§ **SUPPLIED MATERIAL**:

········

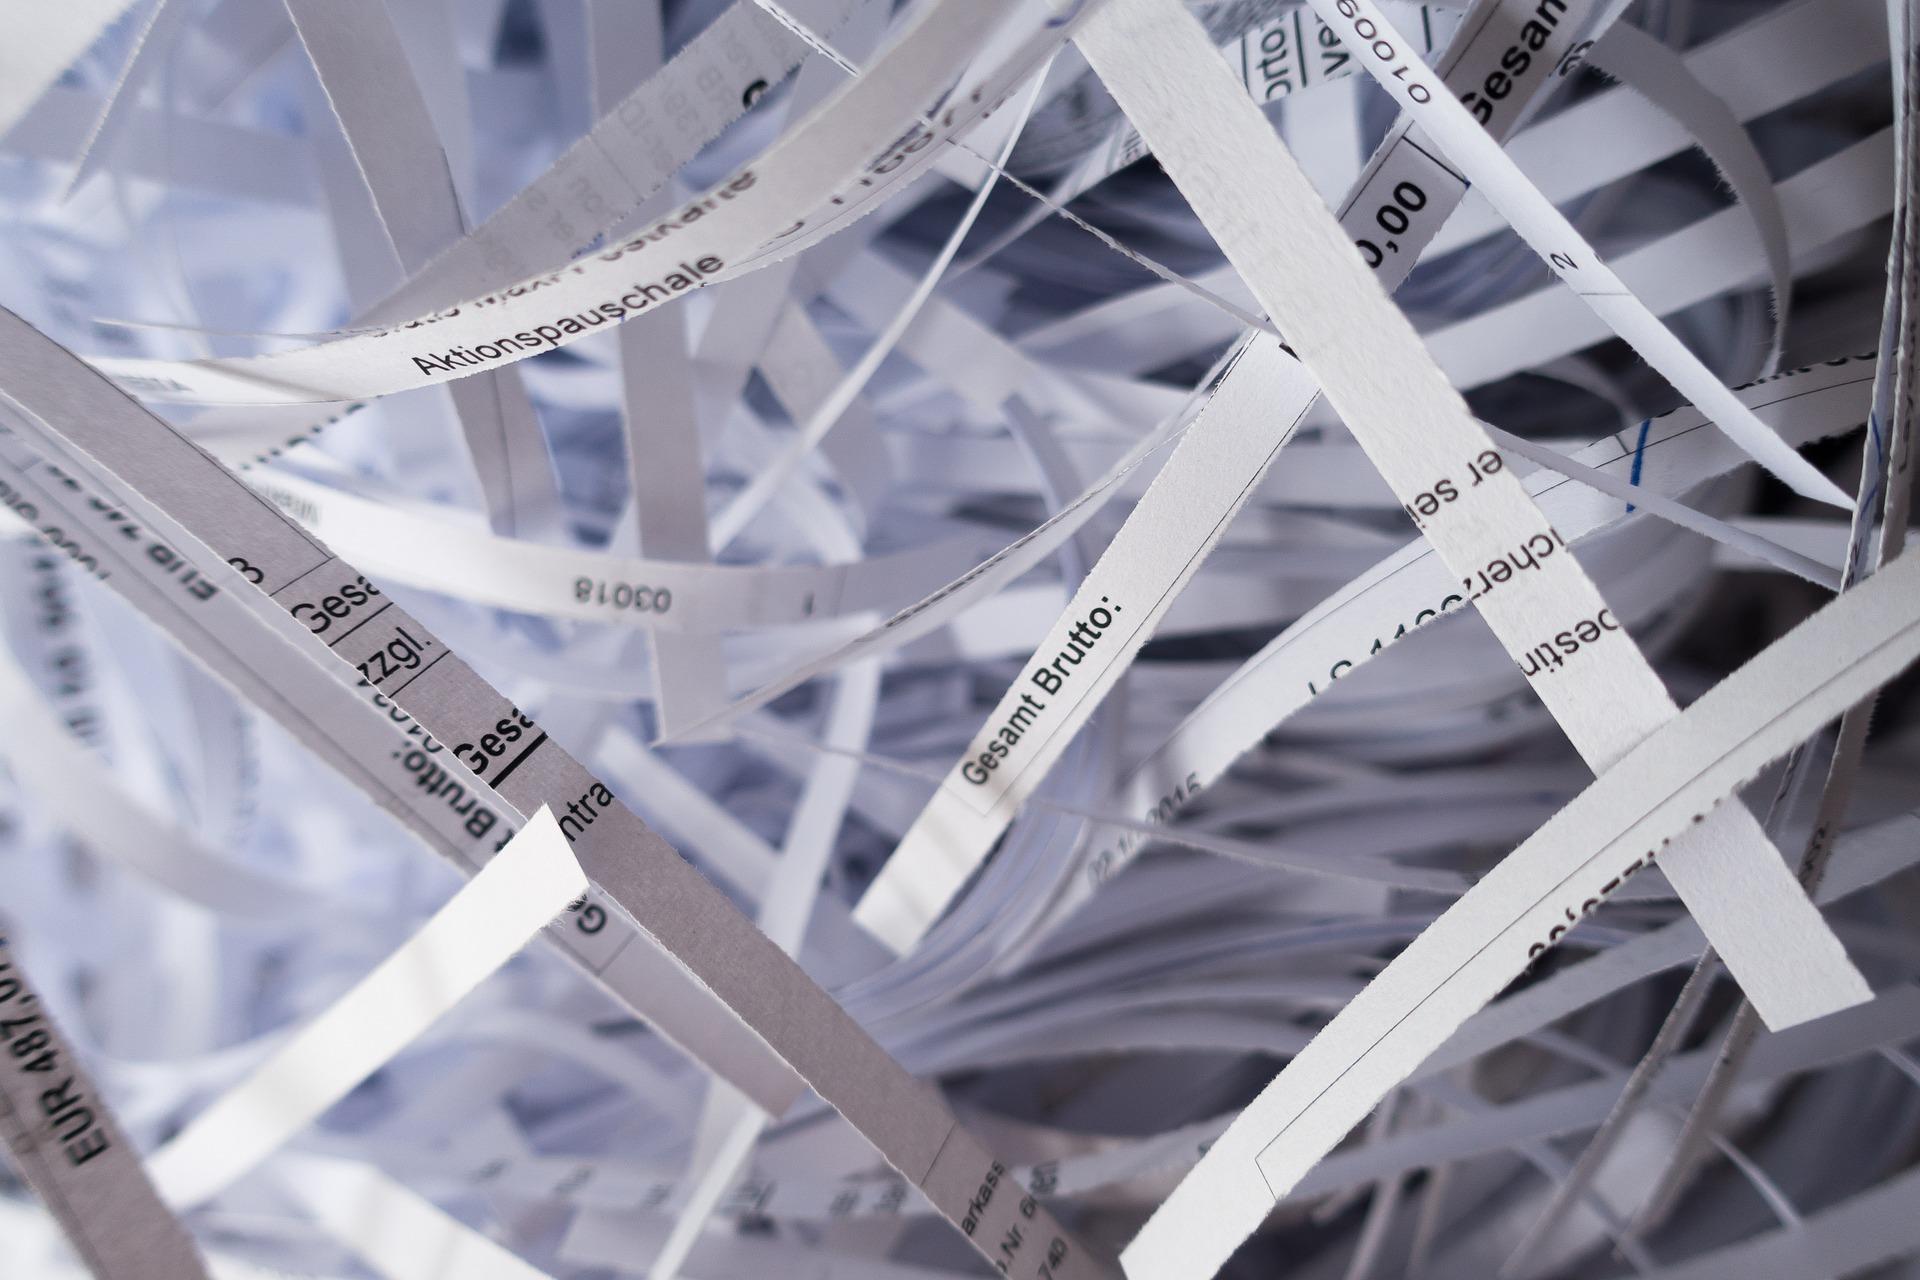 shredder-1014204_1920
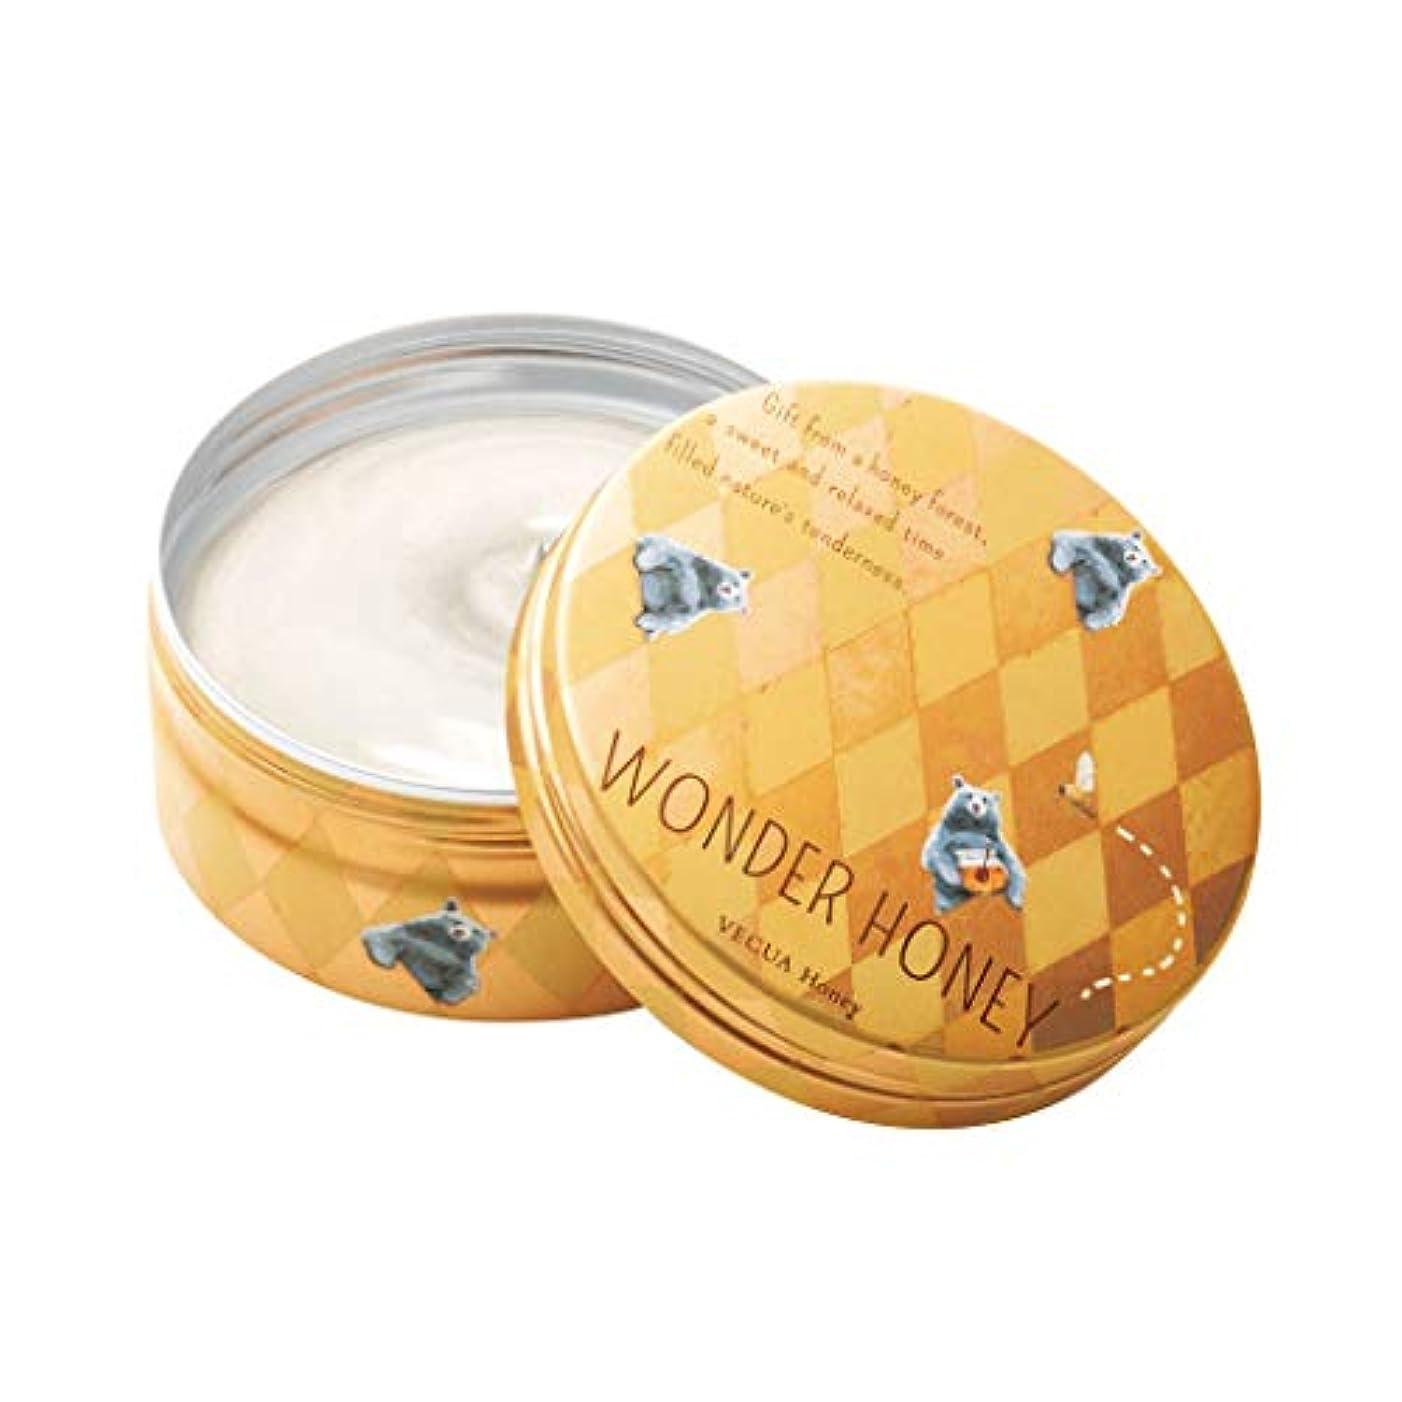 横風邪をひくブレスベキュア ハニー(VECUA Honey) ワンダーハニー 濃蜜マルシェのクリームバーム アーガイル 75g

········

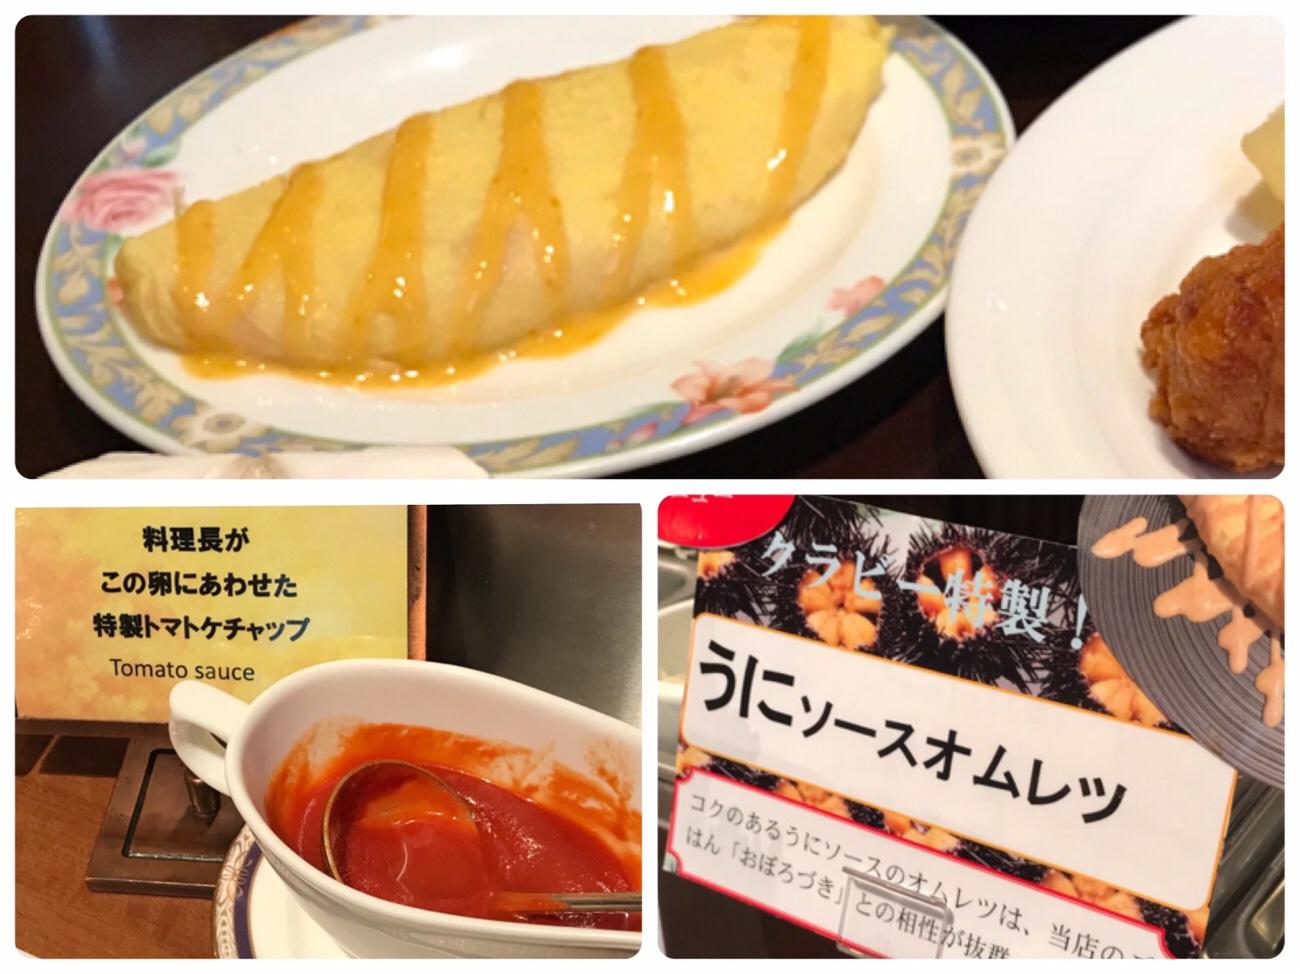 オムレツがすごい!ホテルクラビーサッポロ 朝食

········

§ **WORK TO BE COMPLETED**: In the entries above, find the line that contains "shredder-1014204_1920" and the line that contains "横風邪をひくブレスベキュア ハニー(VECUA Honey)". Reproduce exactly those two lines and every line between them, but not the pictures.

§ **ANSWER BOX**:
 shredder-1014204_1920
 横風邪をひくブレスベキュア ハニー(VECUA Honey) ワンダーハニー 濃蜜マルシェのクリームバーム アーガイル 75g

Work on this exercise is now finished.